When the bear market eases, investors might consider the Global X Cybersecurity ETF (BUG) for a more broad exposure to the sector.
According to a Morgan Stanley survey of chief information officers in July, cloud computing and security software remain at the top of priority lists, followed by business intelligence/analytics, digital transformation and artificial intelligence.

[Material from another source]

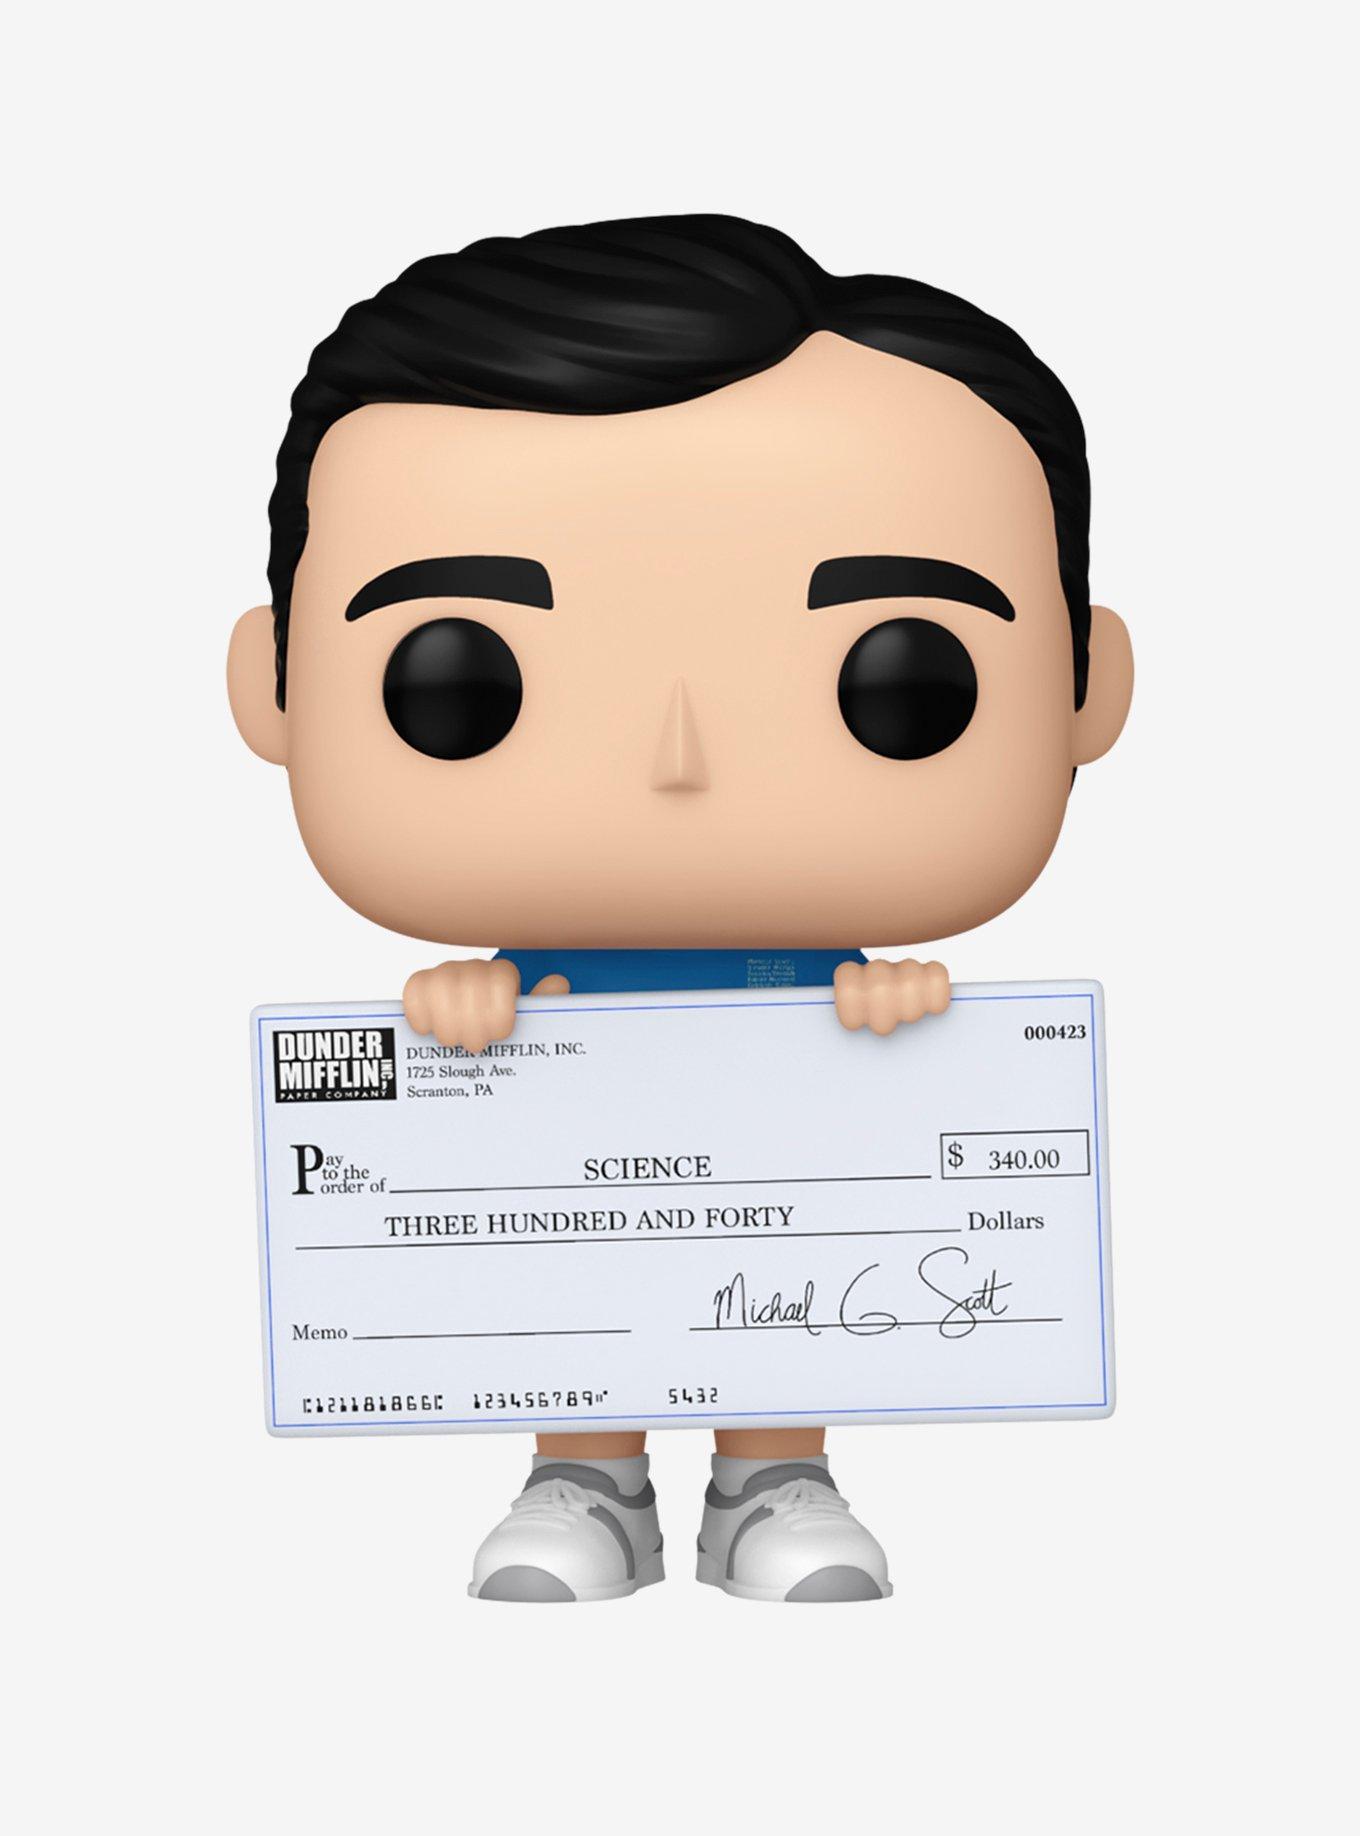 Funko The Office Pop! Television Michael With Check Vinyl Figure, , hi-res

Cybersecurity Stocks Report Mixed Earnings
Zscaler (ZS) stock jumped on stellar fiscal fourth-quarter results.
PANW stock also jumped on better-than-expected fiscal fourth-quarter earnings and guidance. Palo Alto has been building a broad cloud-based services platform via acquisitions. The company has spent more than $3 billion on 10 acquisitions over the past three years.
CrowdStrike Holding (CRWD) reported reported second-quarter annual recurring revenue, or ARR, of $2.14 billion. Analysts expected $2.11 billion, up 59%. CRWD stock has pulled back 19% in 2022.
Check Point Software Technologies (CHKP) reported earnings on Aug. 1. CHKP stock fell on guidance.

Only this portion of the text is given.